И потом, когда приехал на Кубу, пошел в его дом, и там бродила масса кошек, и был дом запущенный, и я оттуда сорвал такие, как маракасы, знаете, эти бобы, огромные такие стручки. И я часто с ними все репетировал и актерам давал знак такой: «Стручок из сада Хемингуэя, играйте лучше – тр‑р‑р‑р, тр‑р‑р!» – и отбивал ритм!
* * *
Потрясающий разговор был Тито с Капицей. Они дружили много лет, и Тито приехал к Капице, чем потом вызвал неудовольствие Сталина. И Тито жаловался Капице, что у них есть очень знаменитый – так все считают на Западе – Меестрович, скульптор, что «мы работаем с ним, говорим с ним – ничего не помогает, он как будто не понимает, продолжает делать свое, но это совершенно искусство странное, ненужное… Понимаете? Вот часто вы говорите, что надо с деятелями культуры как‑то обходительнее быть… ну как с таким человеком, что с ним делать?»

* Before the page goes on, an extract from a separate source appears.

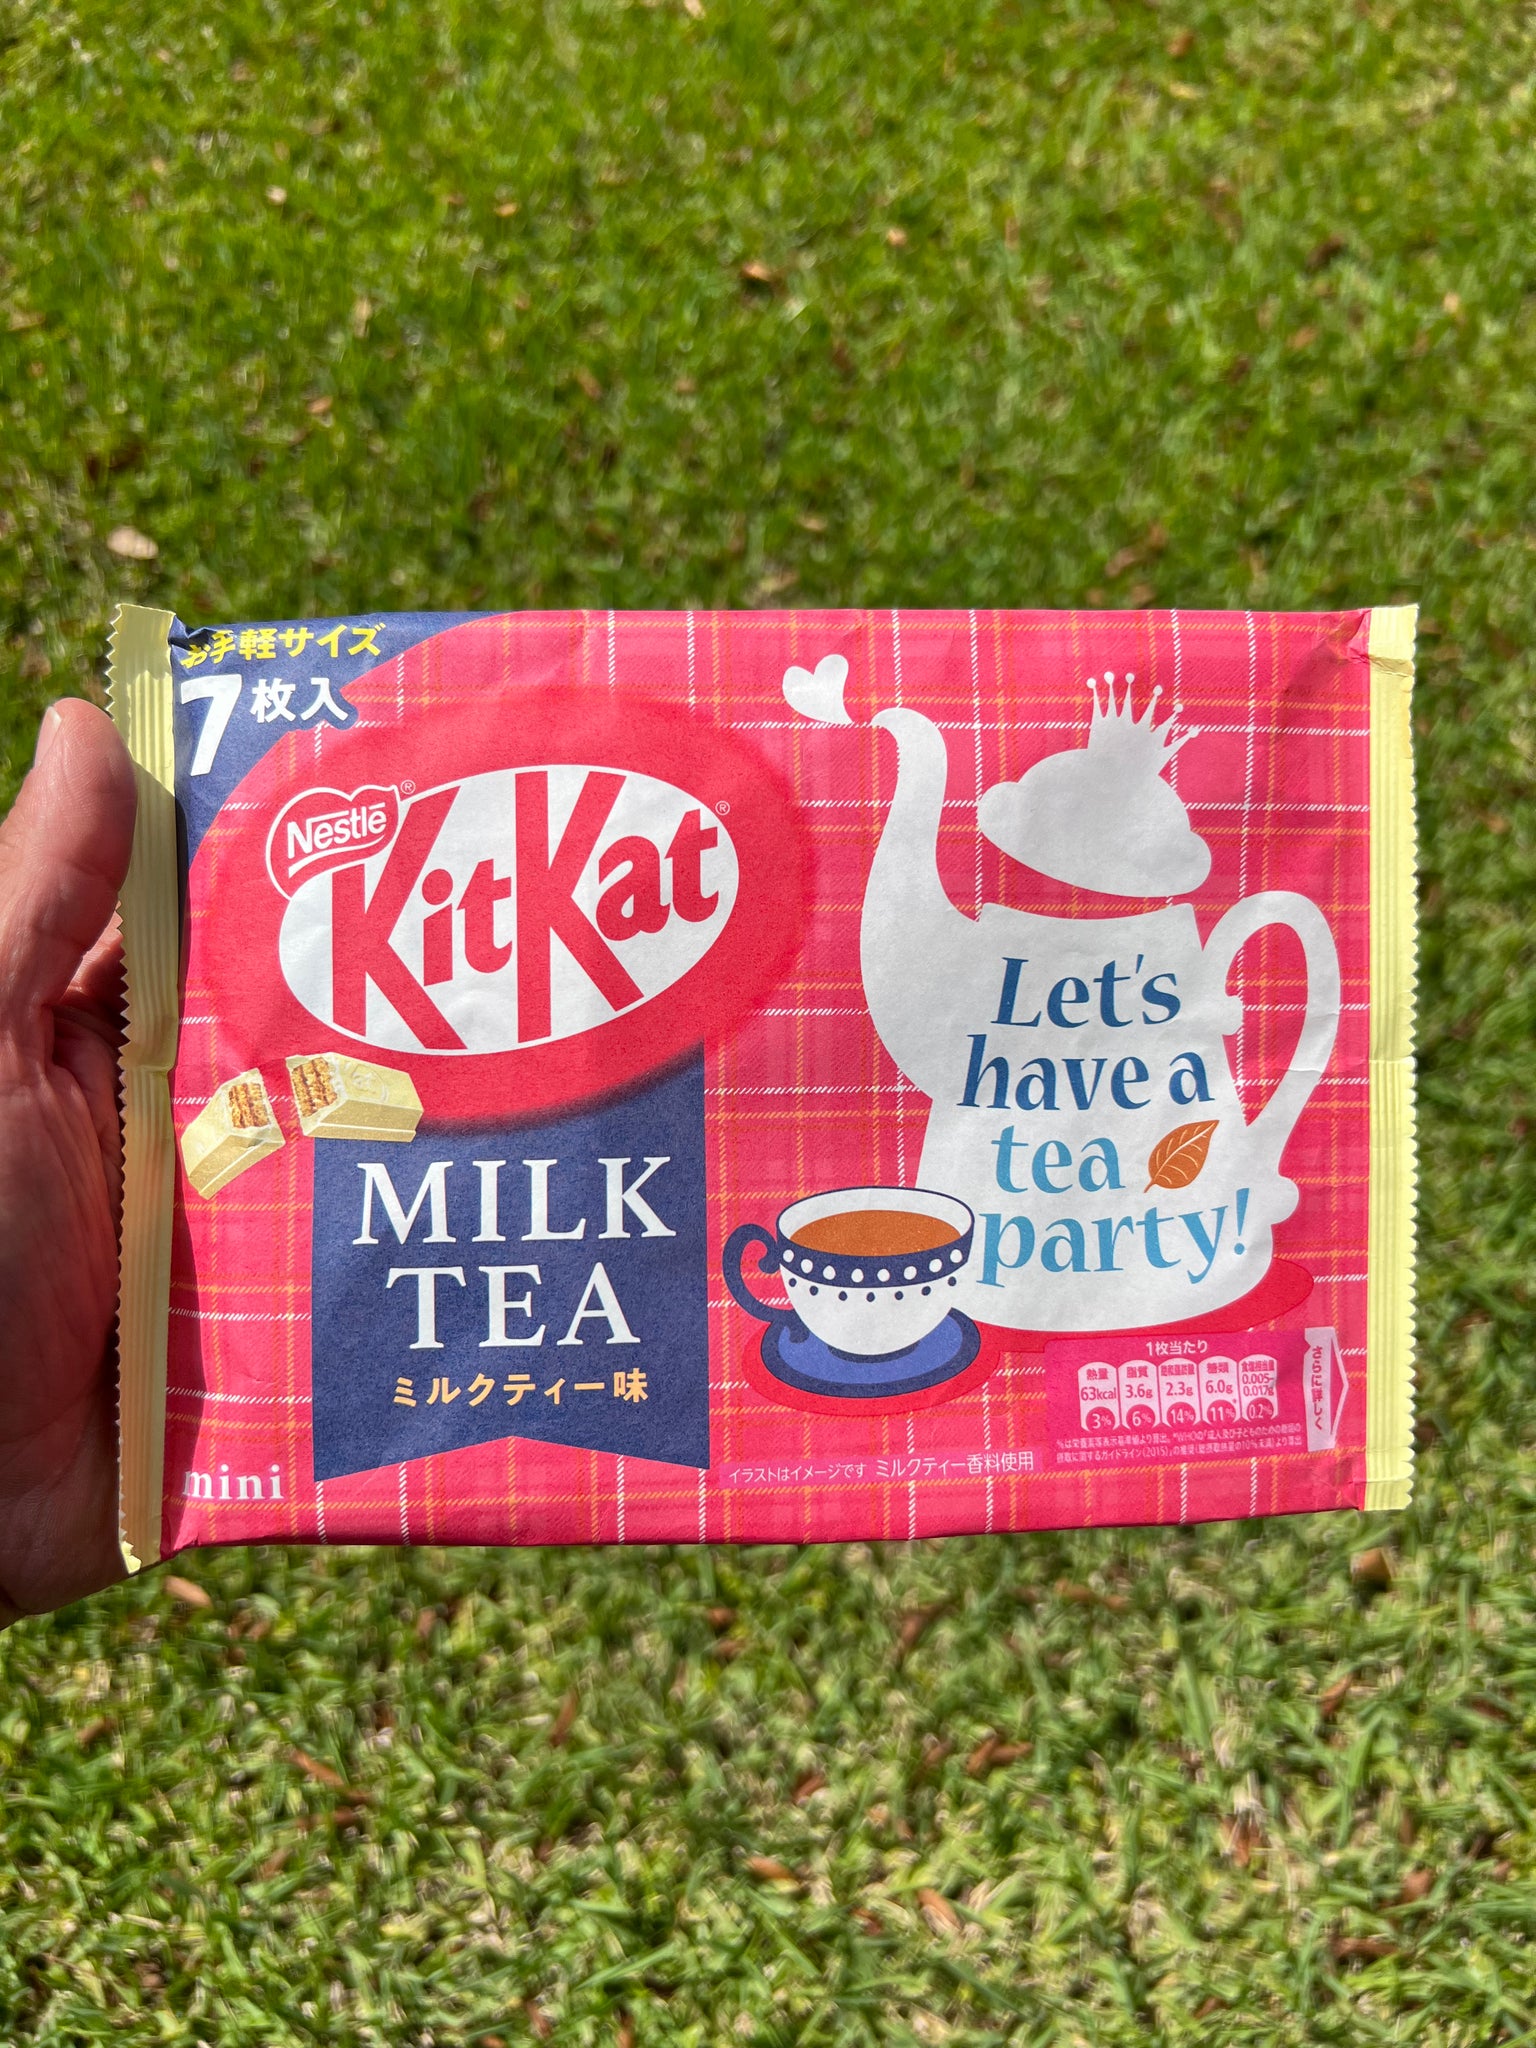 Kit Kat Milk Tea (Japan)

Капица ему говорит: «Ну что с ним связываться, ведь он гениальный человек, а кто разберет этих гениев – что у них в голове творится. Знаете что, вы его отпустите, пусть уезжает, раз он вам не нужен, потом лет через десять вы его примете как вашу национальную гордость», – так все и случилось.
* * *
Семья Капицы относилась к тем семьям, где если кто‑то говорил что‑либо дурно пахнущее, например, по вопросам национальным, просто такого человека больше в доме не принимали – и все. Под всякими предлогами очень интеллигентными: извините, Петра Леонидовича нет дома, извините, Анна Алексеевна вышла. «А когда она придет?»
– «Ну, она гуляет». Человек звонил второй раз – «А она гуляет». Третий раз – «Она опять гуляет». А Петр Леонидович опять в лаборатории. И человек понимал, что больше он принят не будет, все‑таки их знакомые были не настолько тупы, что если неделю он звонит, неделю ему отвечают, что все они гуляют где‑то, то ясно, что не надо больше звонить.
* * *
Так судьба сложилась, что я у Андрея Тарковского был в Париже очень долго в день получения им премии, и ему было очень тяжело – он умирал – и очень его раздражали окружающие и, к сожалению, в первую очередь – жена. Тогда совпало так, что нас с Тарковским одновременно лишили гражданства. И к нему шведы очень хорошо отнеслись. Но благодаря, конечно, я думаю, во многом Бергману – была солидарность, сочувствие.
Они связали наши два отъезда с нетерпимым положением людей такого толка в Союзе. И шла довольно широкая кампания в прессе. Поэтому наши так и взбесились, начали делать глупости.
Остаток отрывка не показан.